創世記1:1〜2:4a 「神が創造された」

 創世記というのは、書名は日本語では創世記ですが、もともとのヘブル語聖書は「はじめに」という名の書です。1章1節を見ますと。「初めに」という言葉ではじまります。最初の言葉もそう。書名も初めにですから。世界の初めの初めについてこの書は描こうとしているということがわかってきます。

 一体この世界が何故存在するのかということに対する神の言葉。創世記というのは、基本の基本。信仰のベースのベースです。ですから、信仰の歩みを始めるためには、この創世記は必ず読まなければならない書物です。

 創世記は、この世界が存在する理由の極めて重要なことを指し示しております。1章1節。

 初めに、神は天地を創造された。

 宇宙のすべての始まりの初めに、神は創造をなされた。主語が大事です。神が造ったということがすべての始まりであると聖書は告げます。これが起点であって、その他ではない。

 自然が生成された、物体が最初にあってそれが秩序を生み出したというわけではない。と宣言するのが聖書です。神が創造した。

 創造という言葉はヘブル語で「バラ」という言葉です。無から神が創造されたことを指し示します。このバラという言葉は神が主語になる場合しか使いません。
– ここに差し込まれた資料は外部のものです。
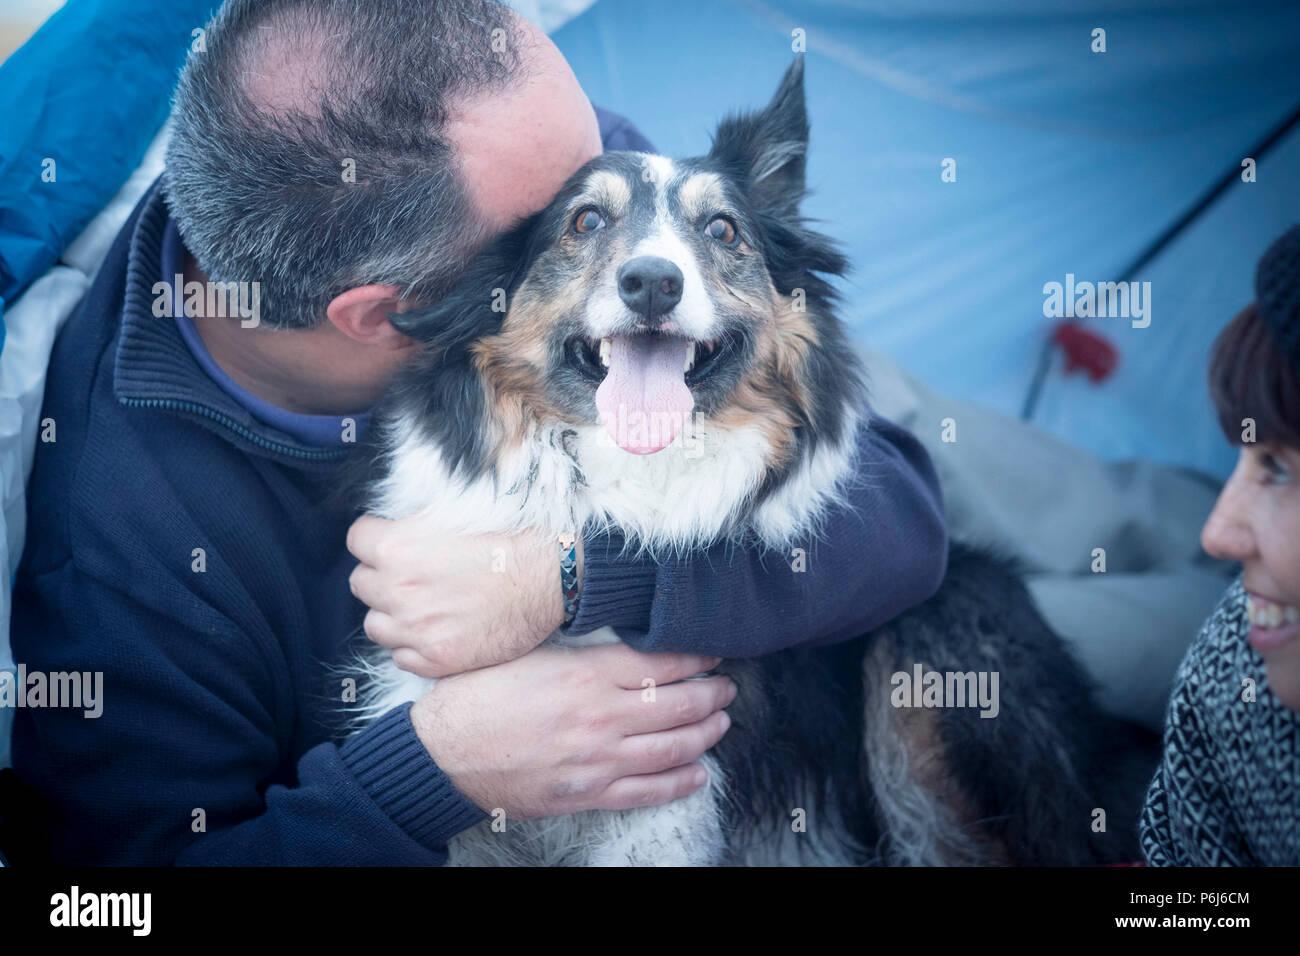 Beau Beau chien border collie vraiment heureux et joyeux de son propriétaire - concept caucasian middle age man. femme les regarder la variante c de la famille. Photo Stock

神の創造というのは人間にはできない特別なことなのです。

 創造という言葉は、人にあてはめて使うことは無いと思います。聖書を知らない人は、創造という言葉を人間の行動に対して使いますが、キリスト者は使いません。それは特別なことだからです。人間は、すでにある「モノ」を使って何かを形作るということはできますが、「無からの創造」はできない。それは神にしかできないこと。だから、創造という言葉は特別な言葉として扱われるのです。ヘブライ人への手紙11章3節にこのような記述があります。

 信仰によって、わたしたちは、この世界が神の言葉によって創造され、従って見えるものは、目に見えているものからできたのではないことが分かるのです。

 物事の起点は神。神の意思によって、この世界は動いている。今日生きているのも神を起点として、神に生かされている。今日ここにいるのは何らかの神の意思によって、神がミッションをもしかしたら授けておられるかもしれない。今日私たちが出会ったのは神の意思によって。そう考えて行きますと物事の意味と重さが全く変化するのがお分かりかと思います。神を起点とするとそれだけで人生が変わるのです。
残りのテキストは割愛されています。